Но все-таки на других качелях раскачивалась она сама, обожая деньги, грезя о них. Она хотела богатства и знала бы, что с ним делать и как в нем жить. Она почувствовала в себе первый росток этого греха – а она ощутила грубую фактуру подобного удовольствия именно как грех – когда впервые купила себе баснословно дорогие сапоги. Замшевые, черные, выше колена. Делающие ее откровенно обольстительной. Она запомнила это удовольствие, сформулировав происшедшее как «нашалила», и продолжила дальше, шокируя безумным размахом покупок и себя, и других.
Платья, блузки, часы, бриллианты. Сумки – дюжинами за год, равно как и сапоги, туфли, жакеты. Для этих ее кож в доме была специальная комната, туда относилось то, что больше не жгло, что слишком пропиталось запахом ее темной кожи или уже выстрелило пару раз в невинную жертву, которую она и не думала превращать в собственную добычу. Раздавала не глядя. Несносное притяжение, которое вещь источала своей красотой и дороговизной, выветривалось со скоростью чайного аромата. Она потом почти не помнила подробностей ни покупки, ни расставания, не помнила сумм, не помнила, чем жертвовала ради обладания вещью.
Между ним и миром пролегали деньги. Торчали рыбьим хребтом, остовом из каждого его действия, слова, логического построения.

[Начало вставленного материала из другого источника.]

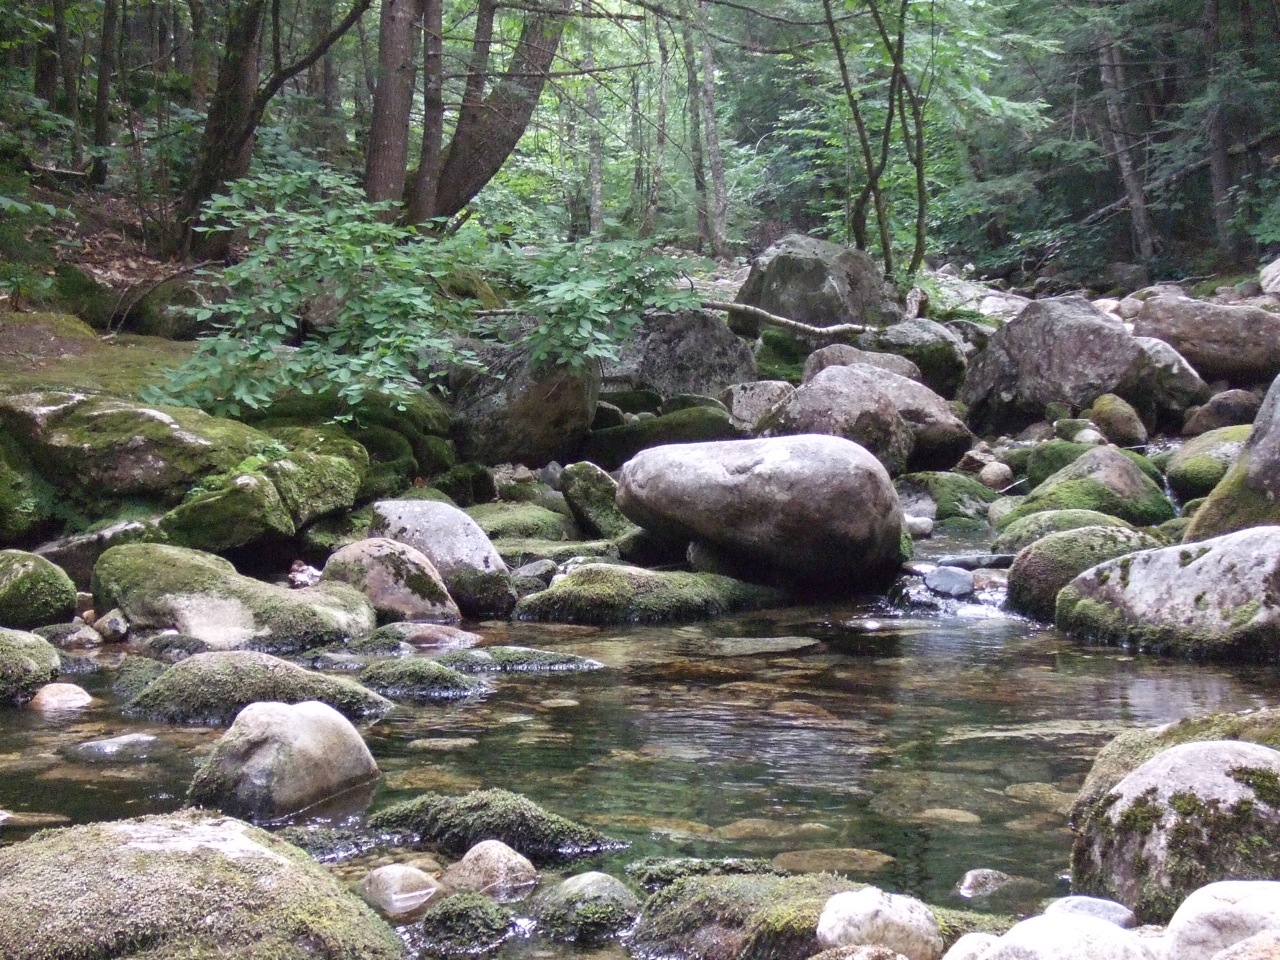 a quiet spot in a rock-strewn river

Он нанизывал события на белесые ребра алгоритма их извлечения из всего – боли, раскаяния, бахвальства, любви, вины, глупости. Обнаруживая эту или подобную сущность рядом с собой. Он метал ее, как серсо, и ловко подставлял ладони под проливающийся вследствие меткого броска золотой дождь.

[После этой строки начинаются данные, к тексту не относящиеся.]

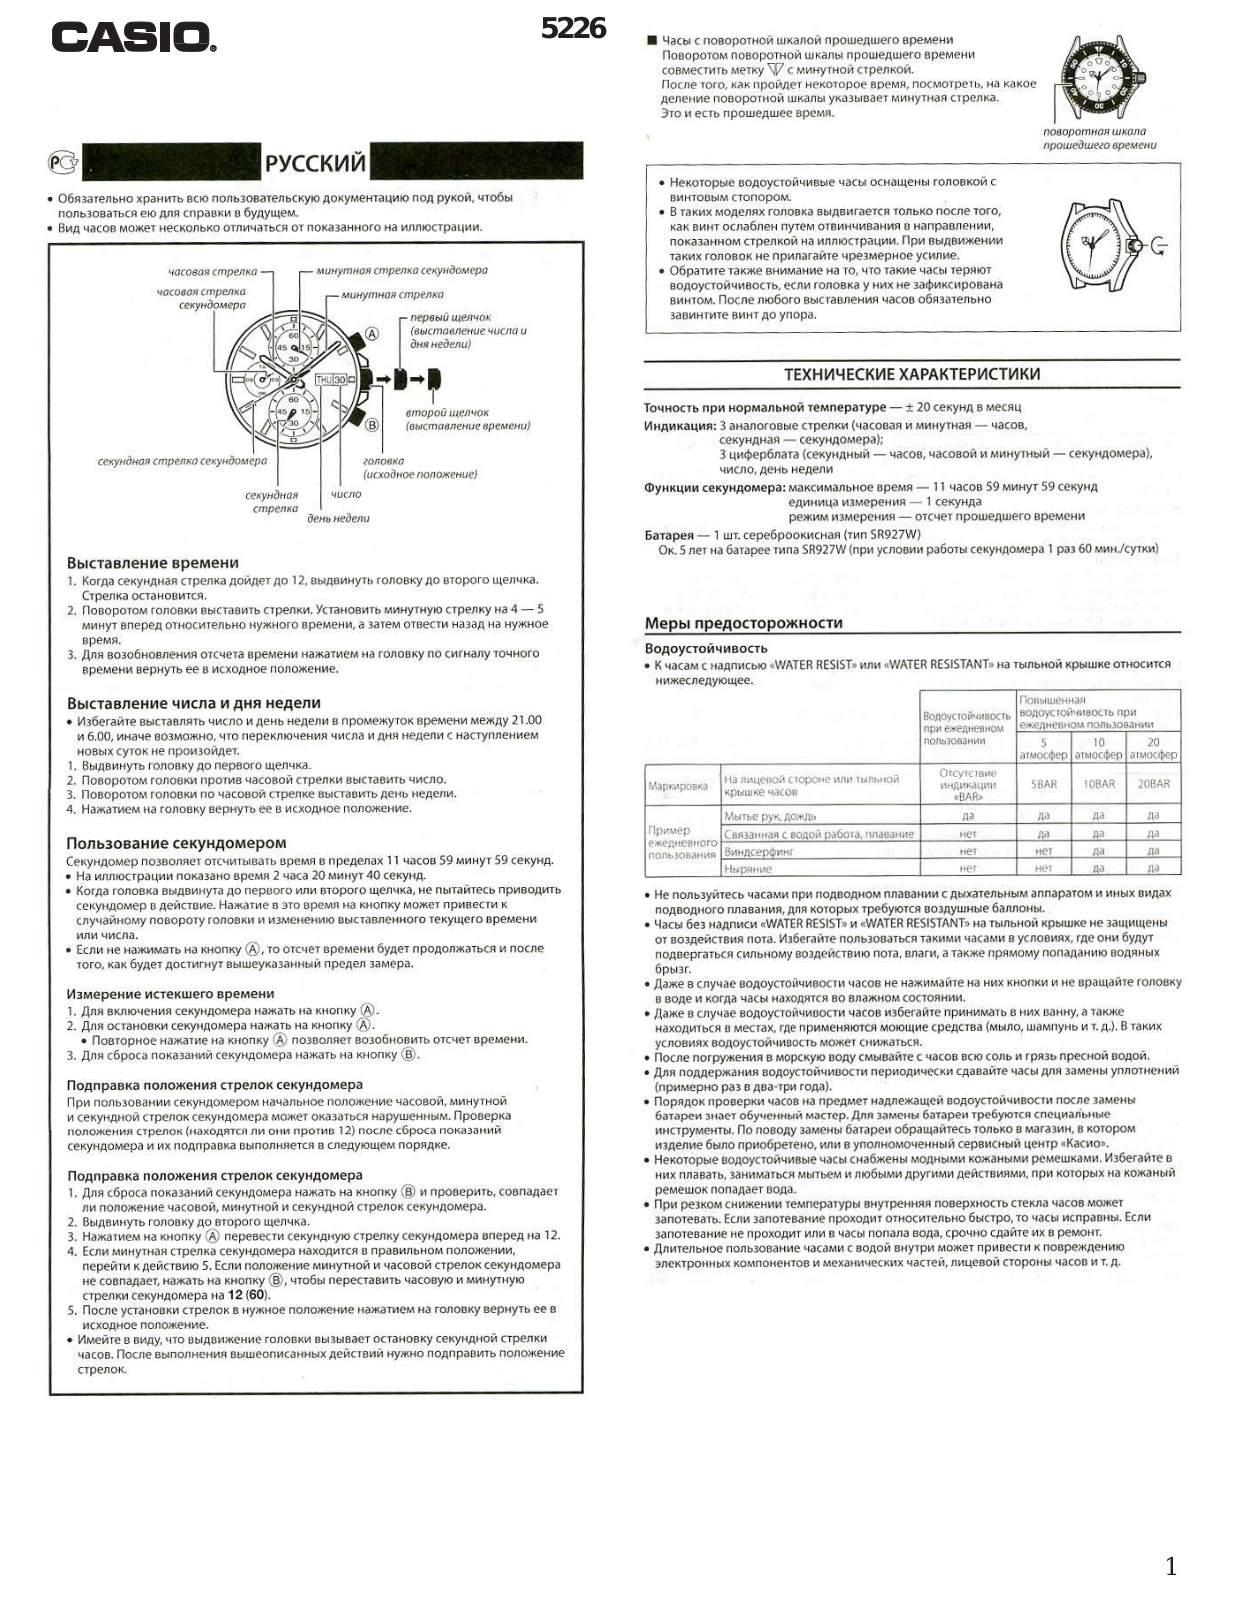 Casio EFR-549D-1A2 User Manual

В этом таланте он был пошл и трогателен. В использовании денег он был трогателен и не пошл. Куда-то вкладывал, где-то играл, нес в дом, вкладывал в дело. Он никогда из-за Норы не покупал искусства в дом, боясь быть осмеянным, но часто и подолгу втайне от всех носил в себе какое-нибудь впечатление, даже особо не зная, к чему его применить.
Через день приехал Кремер. Без звонка пришел к ним, открыла Нора, и они сидели и пили чай, как ни в чем не бывало. Кремер чудил, носил вещи наизнанку, потому что якобы натирал свитером подмышки. Они надолго уходили с Павлом, говорили за пивом о Боге, мужской дружбе, мужской любви, которую никакая женщина не может понять. Паша сначала брезговал темой, но потом втянулся в разговор и рассказал о Норе. Напускное, – заключил Кремер, внимательно выслушав его рассказ, – фантазирует от тоски. Может, ты плохо ее любишь, а, Пашка?